Lazy Multi-GPU Tiled Deconvolution for ImageJ/Fiji

This repository also contains a high-performance ImageJ plugin for GPU-accelerated Richardson-Lucy deconvolution of large microscopy images using BigDataViewer-Playground and CLIJ2, built on top of CLIJ-FFT.

Overview

The deconvolution commands plugin enables lazy, tiled Richardson-Lucy deconvolution of BigDataViewer sources directly on GPUs. It's designed to handle large datasets that don't fit in memory by processing them in configurable tiles with overlap.

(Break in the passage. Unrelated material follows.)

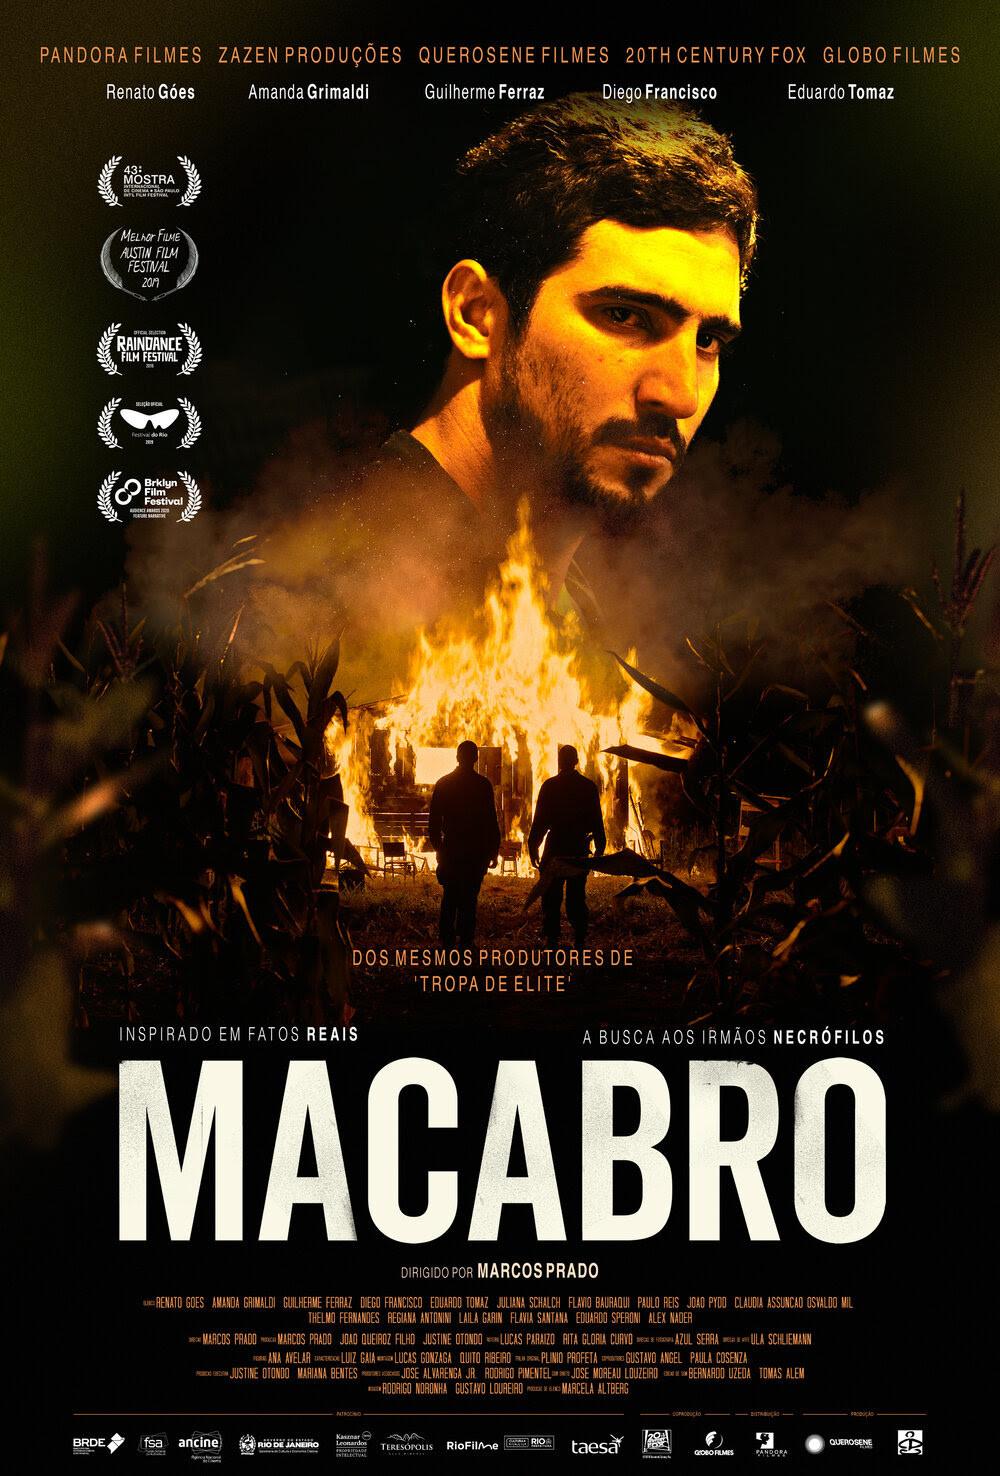 Cartaz do filme nacional Macabro (2019), de Marcos Prado | Divulgação (Pandora Filmes)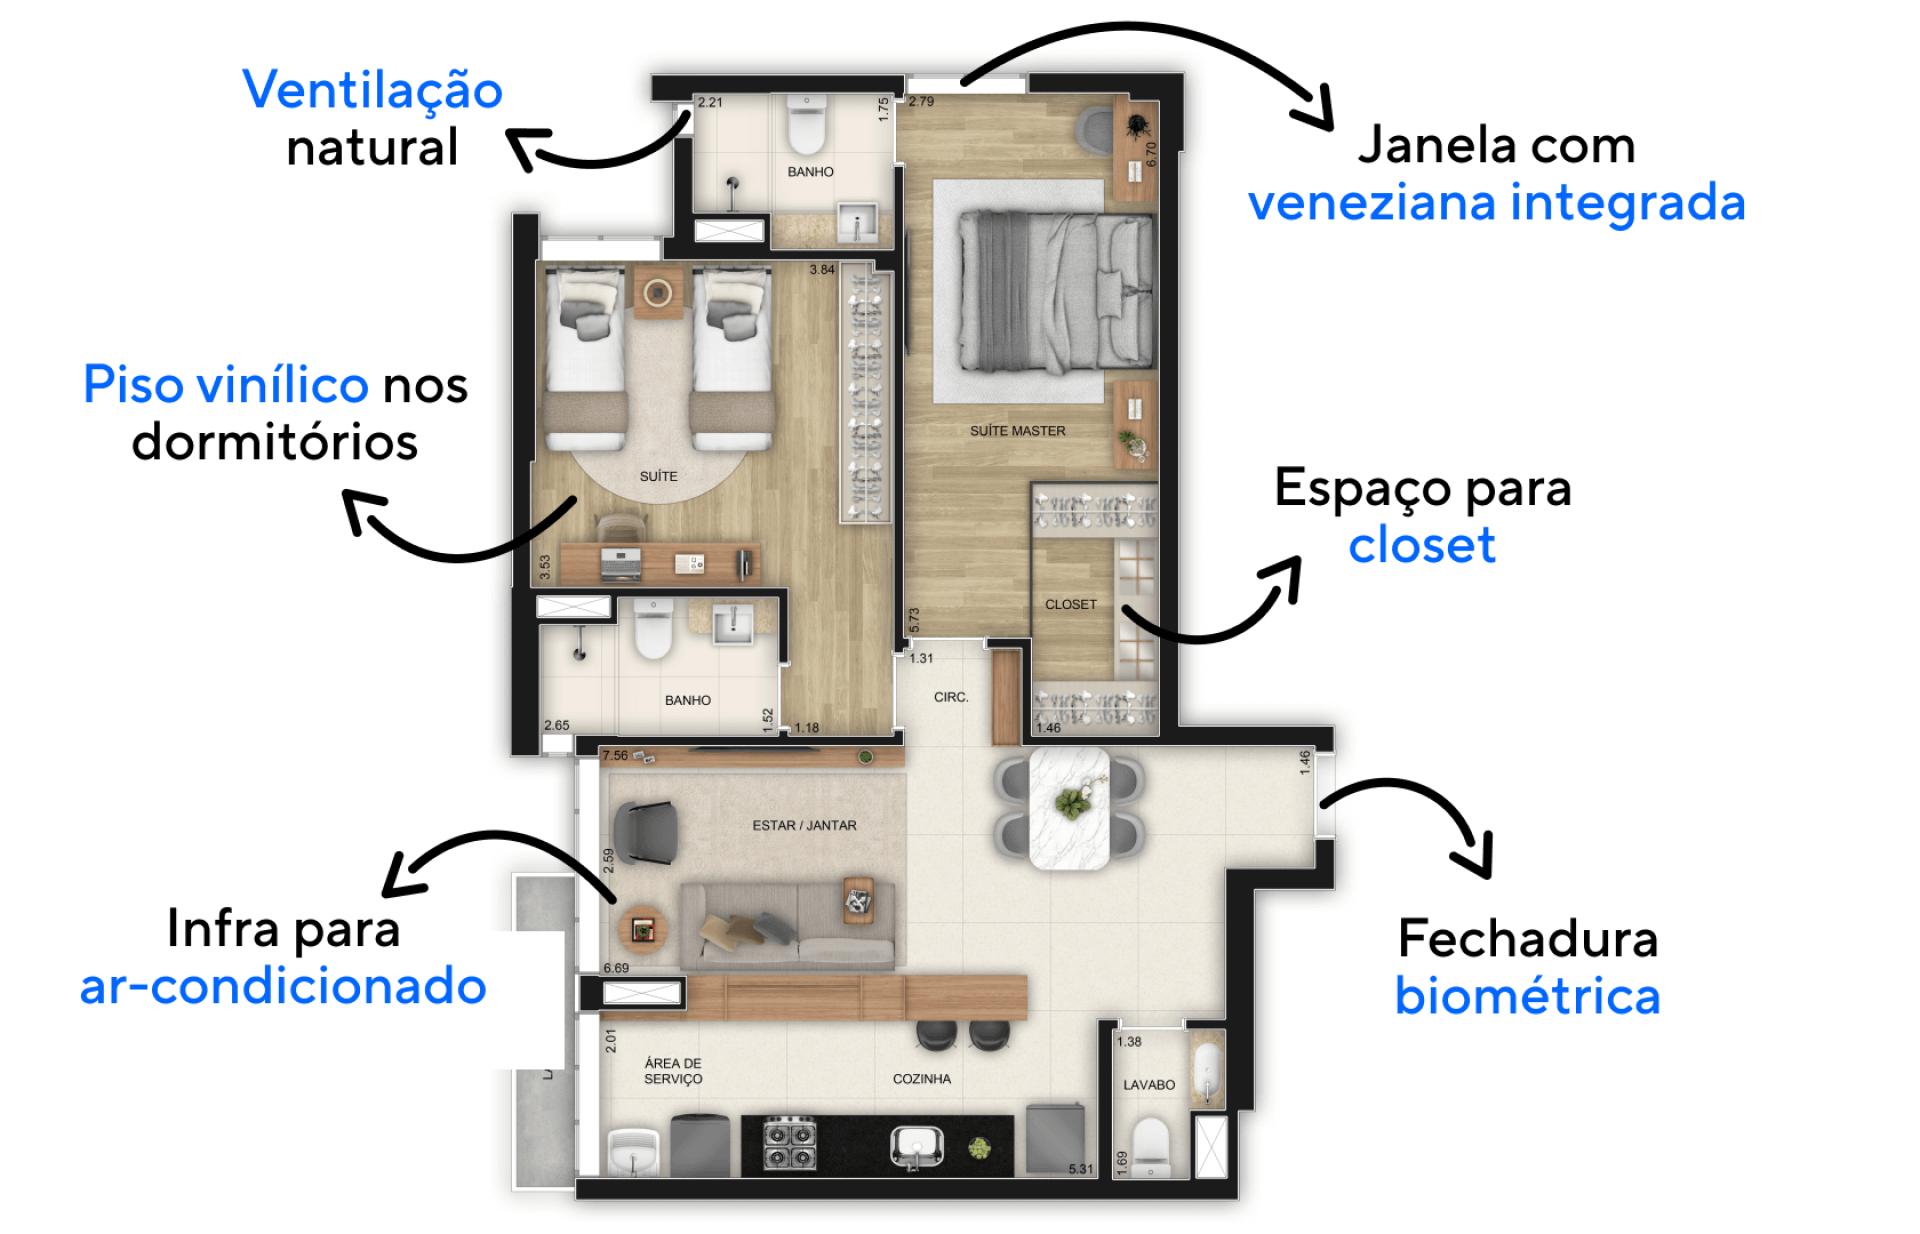 77 M² - 2 SUÍTES. FINAL 6 - 6° AO 14° PAVIMENTO. Apartamentos com amplas suítes permitindo uma ótima área de descanso e colocação de bancada para trabalho/estudos. Destaque para a suíte master, com espaço para cama king size e para closet.

You can also utilise Multi-GPU (and split them as needed).

Key Features

GPU Acceleration: Leverages CLIJ2 for fast deconvolution on the GPU
Tiled Processing: Handles arbitrarily large images through lazy, tiled computation
BigDataViewer Integration: Works with BDV sources
Flexible Output: Keep original pixel type or output as float
Multi-threaded: Parallel processing of tiles for maximum performance
Non-Circulant Option: Support for non-circulant boundary conditions

Installation

Prerequisites

Fiji
One or several OpenCL capable devices (GPU, but not only)

Using the Update Site

Open Fiji
Go to Help > Update...
Click Manage Update Sites
Add the following update sites:
- CLIJ & CLIJ2
- CLIJ-Deconvolution
- PTBIOP
- (Optional: Quick Start CZI Reader for fast CZI reading)
Close and restart Fiji

Usage

Getting Your Data into BigDataViewer

Before deconvolution, you need to load your images as BDV sources. Here are the main approaches:

Option 1: Standard Image Files (TIF, CZI, OME-TIFF, etc.)

For most image formats:

Go to Plugins > BigDataViewer-Playground > XML Dataset > Create BDV Dataset [BioFormats]
Select your image file(s)
Configure:
- Dataset name: Choose a name
- Unit: Usually "MICROMETER"
- Split RGB channels: Usually false
- Plane origin convention: "CENTER" or "TOP LEFT"
- Auto pyramidize: true (recommended for large images)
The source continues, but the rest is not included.